Operating full text index
The operation of the index is searched casually, here or again wordy.
create
Create a full-text index when the table is created
create table fulltext_test ( id int(11) NOT NULL AUTO_INCREMENT, content text NOT NULL, tag varchar(255), MyISAM DEFAULT CHARSET=utf8; MyISAM DEFAULT CHARSET=utf8;Copy the code
Create full-text indexes on existing tables
create fulltext index content_tag_fulltext
on fulltext_test(content,tag);
Copy the code
Create a full-text index using the SQL statement ALTER TABLE
alter table fulltext_test
add fulltext index content_tag_fulltext(content,tag);
Copy the code
Modify the
Modify an O, delete directly rebuild.
delete
DROP full-text indexes directly using DROP INDEX
drop index content_tag_fulltext
on fulltext_test;
Copy the code
Delete full-text index by SQL statement ALTER TABLE
alter table fulltext_test
drop index content_tag_fulltext;
Copy the code
Using full-text indexes
Instead of using like + % for fuzzy matching, full-text indexing has its own syntax, using the match and Against keywords, for example
select * from fulltext_test
where match(content,tag) against('xxx xxx');
Copy the code
Note: The columns specified in the match() function must be exactly the same as the columns specified in the full-text index, otherwise an error will be reported and the full-text index cannot be used, because the full-text index does not record which column the keyword came from. If you want to use a full-text index for a column, create a separate full-text index for that column.
Test full text index
Adding test Data
With this knowledge, you can test out full-text indexes.
First, create the test table and insert the test data
create table test (
id int(11) unsigned not null auto_increment,
content text not null,
primary key(id),
fulltext key content_index(content)
) engine=MyISAM default charset=utf8;
insert into test (content) values ('a'),('b'),('c');
insert into test (content) values ('aa'),('bb'),('cc');
insert into test (content) values ('aaa'),('bbb'),('ccc');
insert into test (content) values ('aaaa'),('bbbb'),('cccc');
Copy the code
Execute the following query using the full text index syntax
select * from test where match(content) against('a');
select * from test where match(content) against('aa');
select * from test where match(content) against('aaa');
Copy the code
According to our conventional wisdom, four records should be displayed, but there are none, only when the following query is executed
select * from test where match(content) against('aaaa');
Copy the code
That’s when I found aAAA.
Why is that? There are many reasons for this, the most common of which is the minimum search length. In addition, when using full-text indexes, the test table must have at least four records, otherwise unexpected results may occur.
MySQL full-text indexes have two variables, minimum search length and maximum search length. Words with a length less than the minimum search length and a length greater than the maximum search length are not indexed. In plain English, to use a full-text index search for a term, the length of the term must be within the range of the above two variables.
The default values for both can be viewed using the following command
show variables like '%ft%';
Copy the code
You can see the names and default values of these two variables in both MyISAM and InnoDB storage engines
// MyISAM
ft_min_word_len = 4;
ft_max_word_len = 84;
// InnoDB
innodb_ft_min_token_size = 3;
innodb_ft_max_token_size = 84;
Copy the code
As you can see, the default minimum search length is 4 for MyISAM and 3 for InnoDB. In other words, MySQL’s full-text index only indexes words with length greater than or equal to 4 or 3.

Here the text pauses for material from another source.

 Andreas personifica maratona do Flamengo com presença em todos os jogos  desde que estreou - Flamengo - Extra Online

The minimum search length is specified
Full-text index parameters cannot be dynamically modified, and must be modified by modifying the MySQL configuration file. To change the minimum search length to 1, open the MySQL configuration file /etc/my.cnf and add the following content to [mysqld]
[mysqld]
innodb_ft_min_token_size = 1
ft_min_word_len = 1
Copy the code
Then restart the MySQL server and repair the full-text index. Note that after modifying the parameter, you must repair the index, otherwise the parameter will not take effect.

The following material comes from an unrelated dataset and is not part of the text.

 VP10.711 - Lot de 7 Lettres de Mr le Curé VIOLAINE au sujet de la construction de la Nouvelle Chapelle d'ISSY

There are two repair methods, you can use the following command repair
repair table test quick;
Copy the code
A, AA, and AAA can be queried by deleting the index and re-creating it.
However, there is still a question, why does the keyword a, aa, aaa, aAAA not appear in the results, before talking about this question, let’s talk about the two full-text indexes.
Two full-text indexes
Full-text index of natural languages
By default, or when using the in Natural Language mode modifier, the match() function performs a natural language search on the text collection, and the examples above are natural language full-text indexes.
The natural language search engine will calculate the relevance of each document object and query. Here, relevance is based on the number of matched keywords and the number of times that keyword appears in the document. The fewer times words appear in the overall index, the higher their relevance. Conversely, very common words will not be searched, and if a word appears in more than 50% of the records, natural language searches will not search for such words. As mentioned above, there must be more than four records in the test table for this reason.
This mechanism is also easier to understand, for example, a data table storage is a piece of article, the common words in the article, modal words and so on, there must be more, it is not meaningful to search these words, need to search those articles have special meaning of the word, so as to separate the article.
Boolean full text index
In Boolean search, we can customize the relevance of a particular term being searched in the query, and when writing a Boolean search query, we can customize the search with some prefix modifiers.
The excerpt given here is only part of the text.